┌─ Provided material
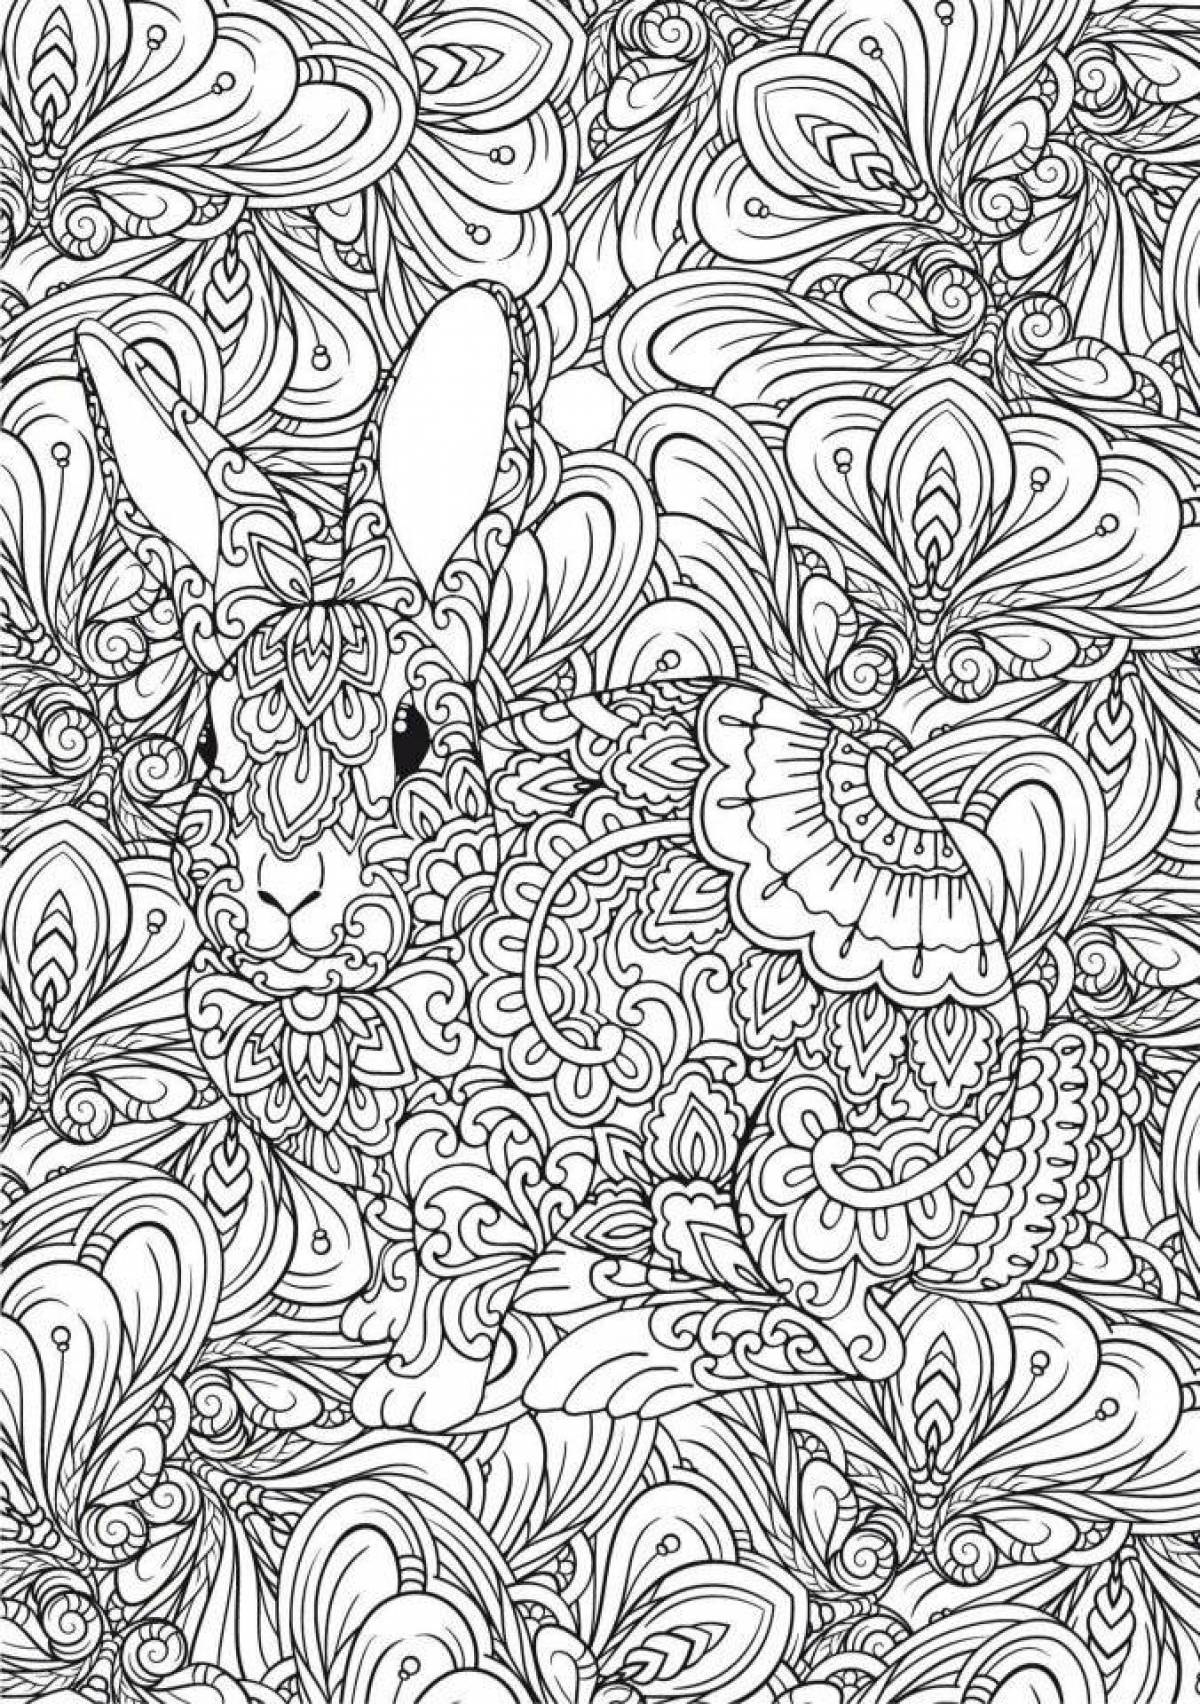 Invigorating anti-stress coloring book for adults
└─
┌─ Provided material
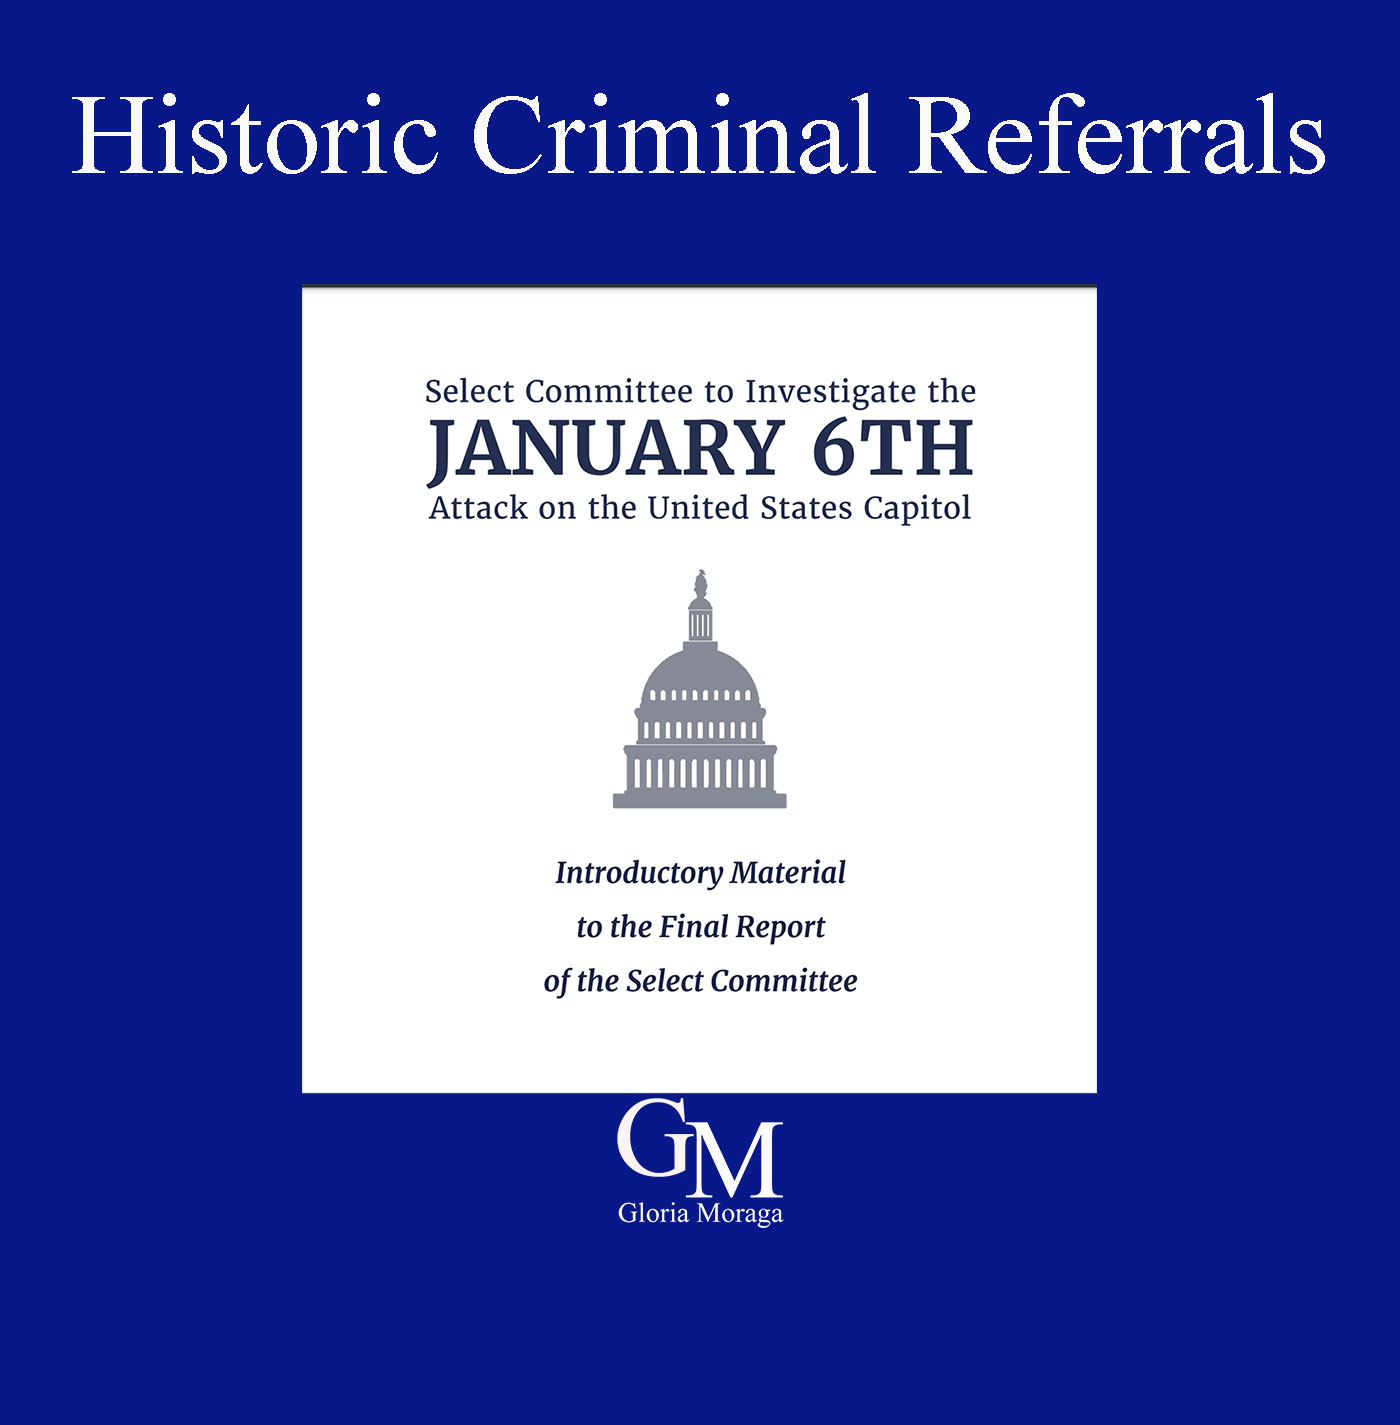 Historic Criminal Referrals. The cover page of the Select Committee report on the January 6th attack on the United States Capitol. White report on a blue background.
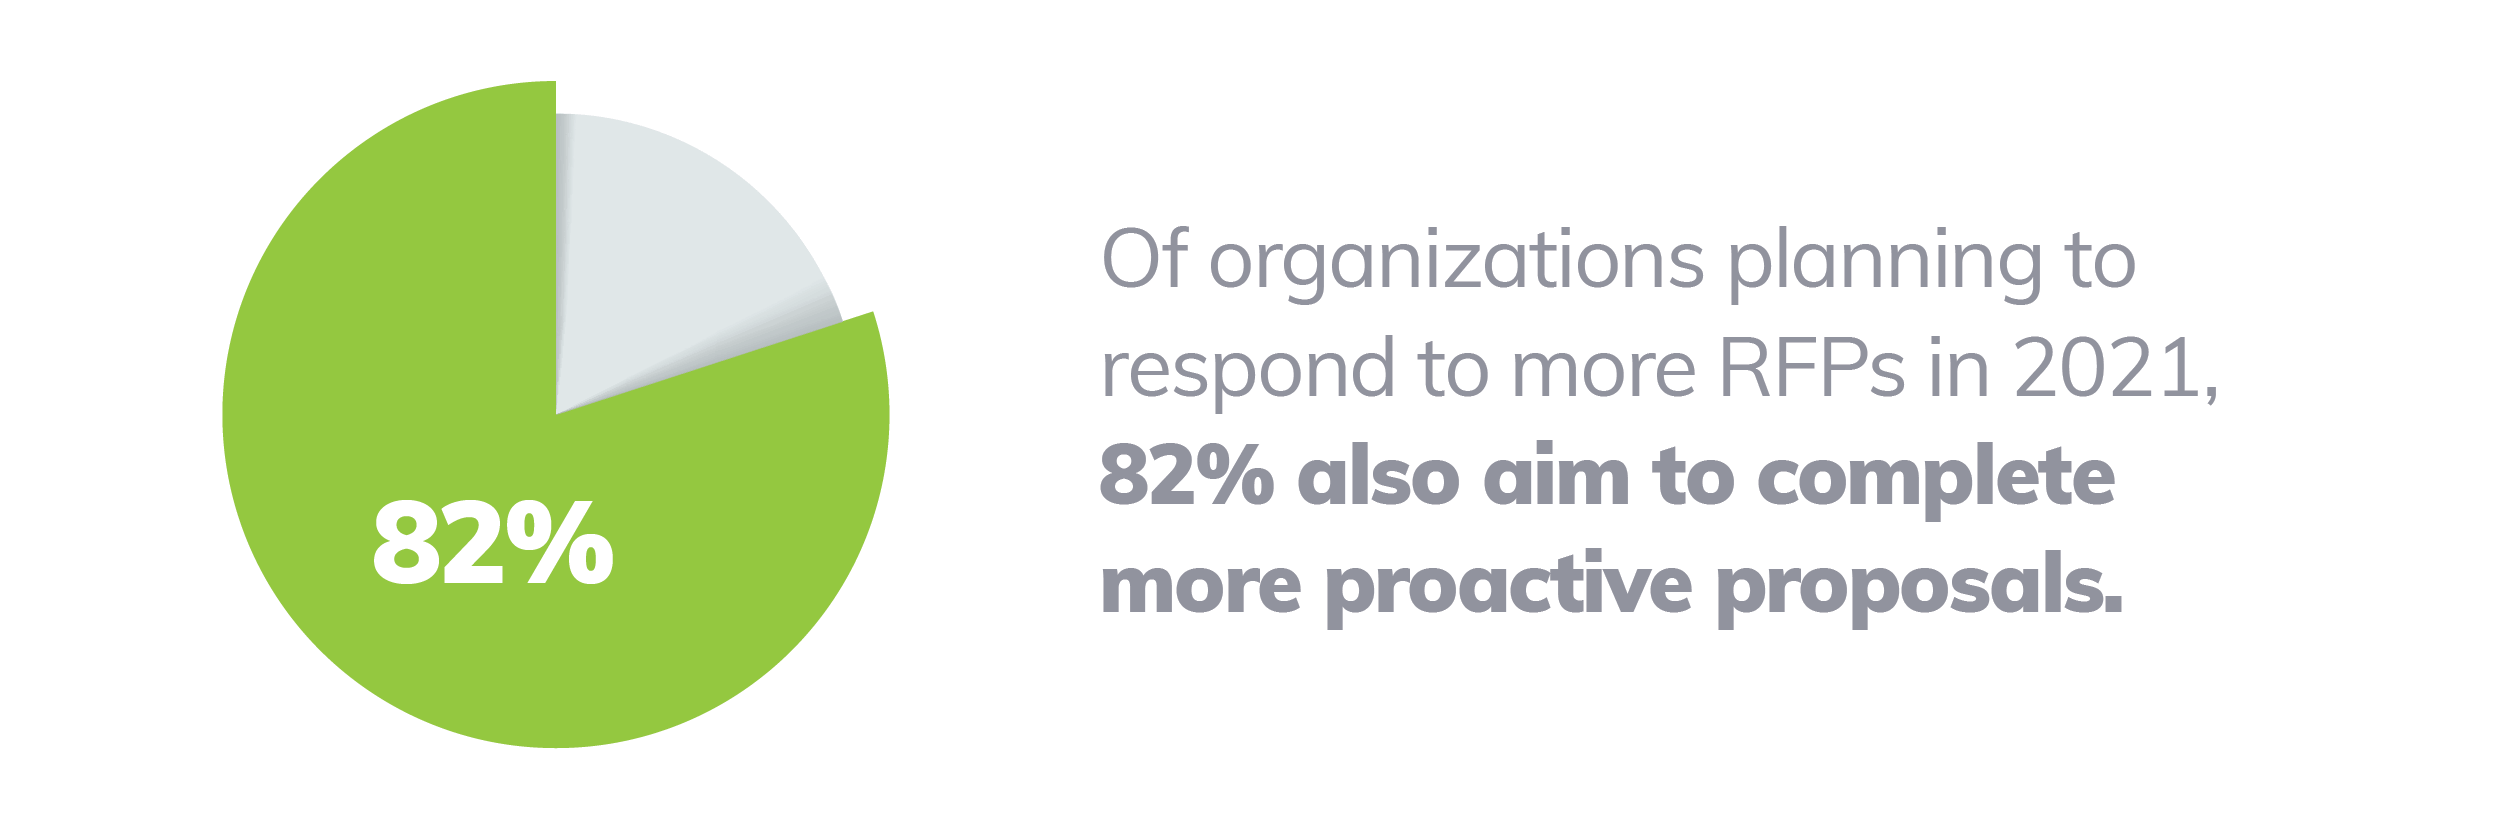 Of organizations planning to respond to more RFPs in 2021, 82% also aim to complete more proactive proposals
└─
- [Task requirements]: Return exactly the lines above, from the one with "Historic Criminal Referrals." up to and including the one with "Of organizations planning", and include no pictures.

- [Answer space]:
 Historic Criminal Referrals. The cover page of the Select Committee report on the January 6th attack on the United States Capitol. White report on a blue background.
 Of organizations planning to respond to more RFPs in 2021, 82% also aim to complete more proactive proposals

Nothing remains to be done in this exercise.